Dataset records:
----
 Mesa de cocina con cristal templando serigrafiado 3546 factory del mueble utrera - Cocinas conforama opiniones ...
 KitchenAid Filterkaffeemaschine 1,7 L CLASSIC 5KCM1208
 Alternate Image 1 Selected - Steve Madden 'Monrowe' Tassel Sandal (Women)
----
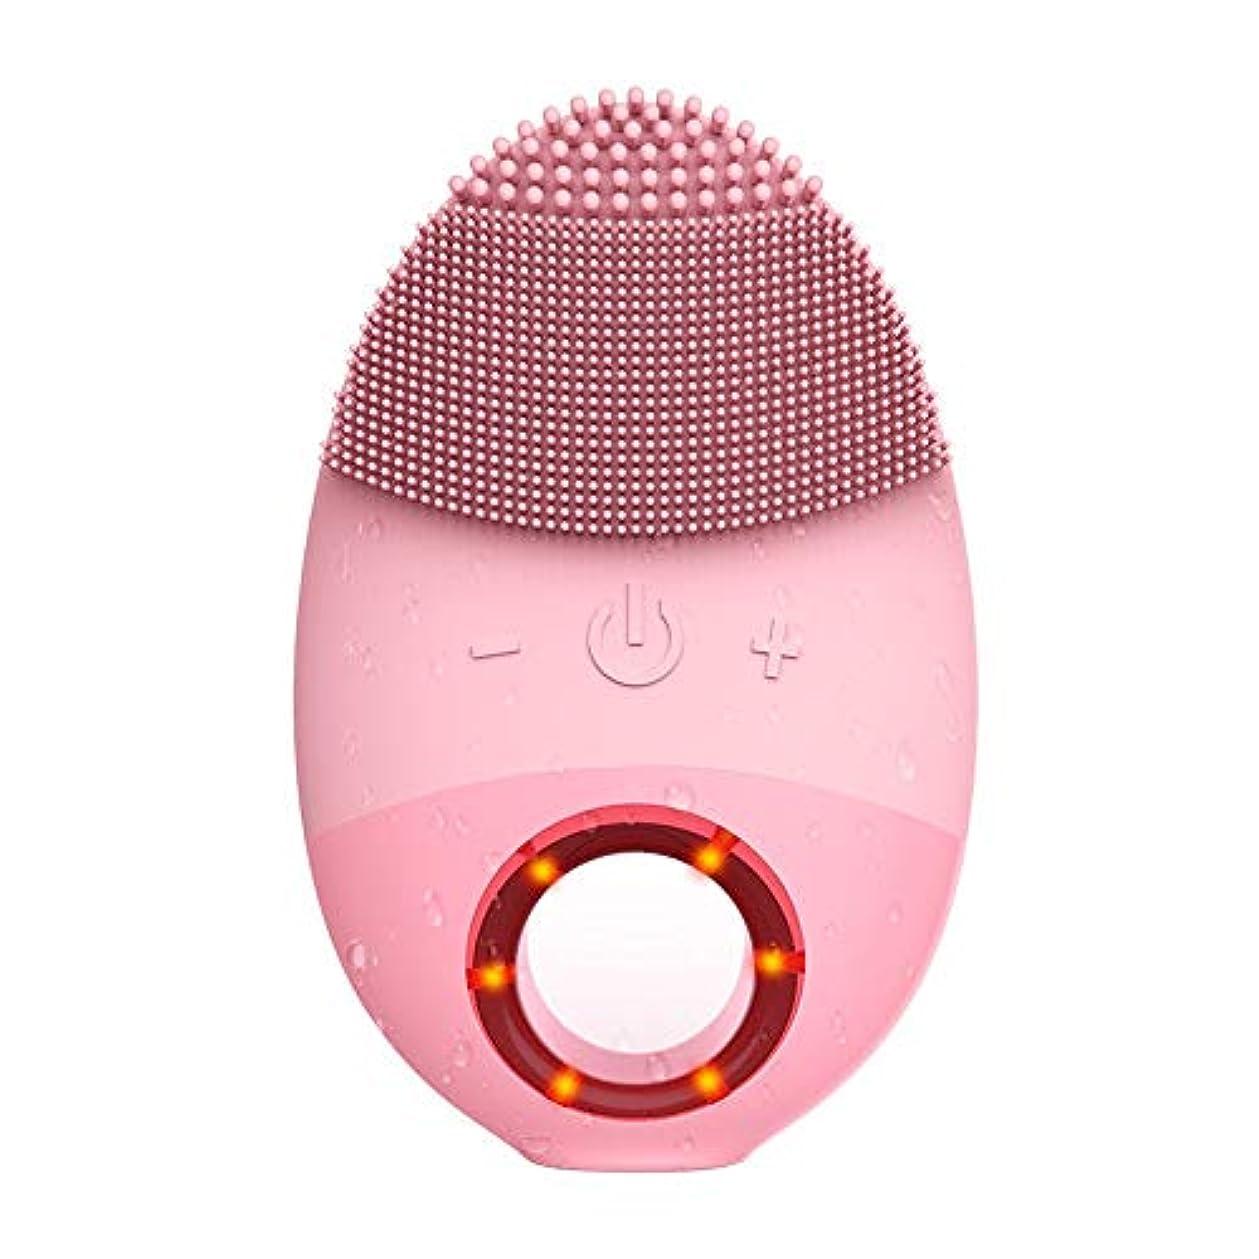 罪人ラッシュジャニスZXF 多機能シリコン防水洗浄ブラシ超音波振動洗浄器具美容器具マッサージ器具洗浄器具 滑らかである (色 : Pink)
----
What you need to do: There is a run of lines above from the one with "KitchenAid Filterkaffeemaschine 1,7" to the one with "Alternate Image 1"; print exactly that run, both ends included, and nothing else.

Task result:
 KitchenAid Filterkaffeemaschine 1,7 L CLASSIC 5KCM1208
 Alternate Image 1 Selected - Steve Madden 'Monrowe' Tassel Sandal (Women)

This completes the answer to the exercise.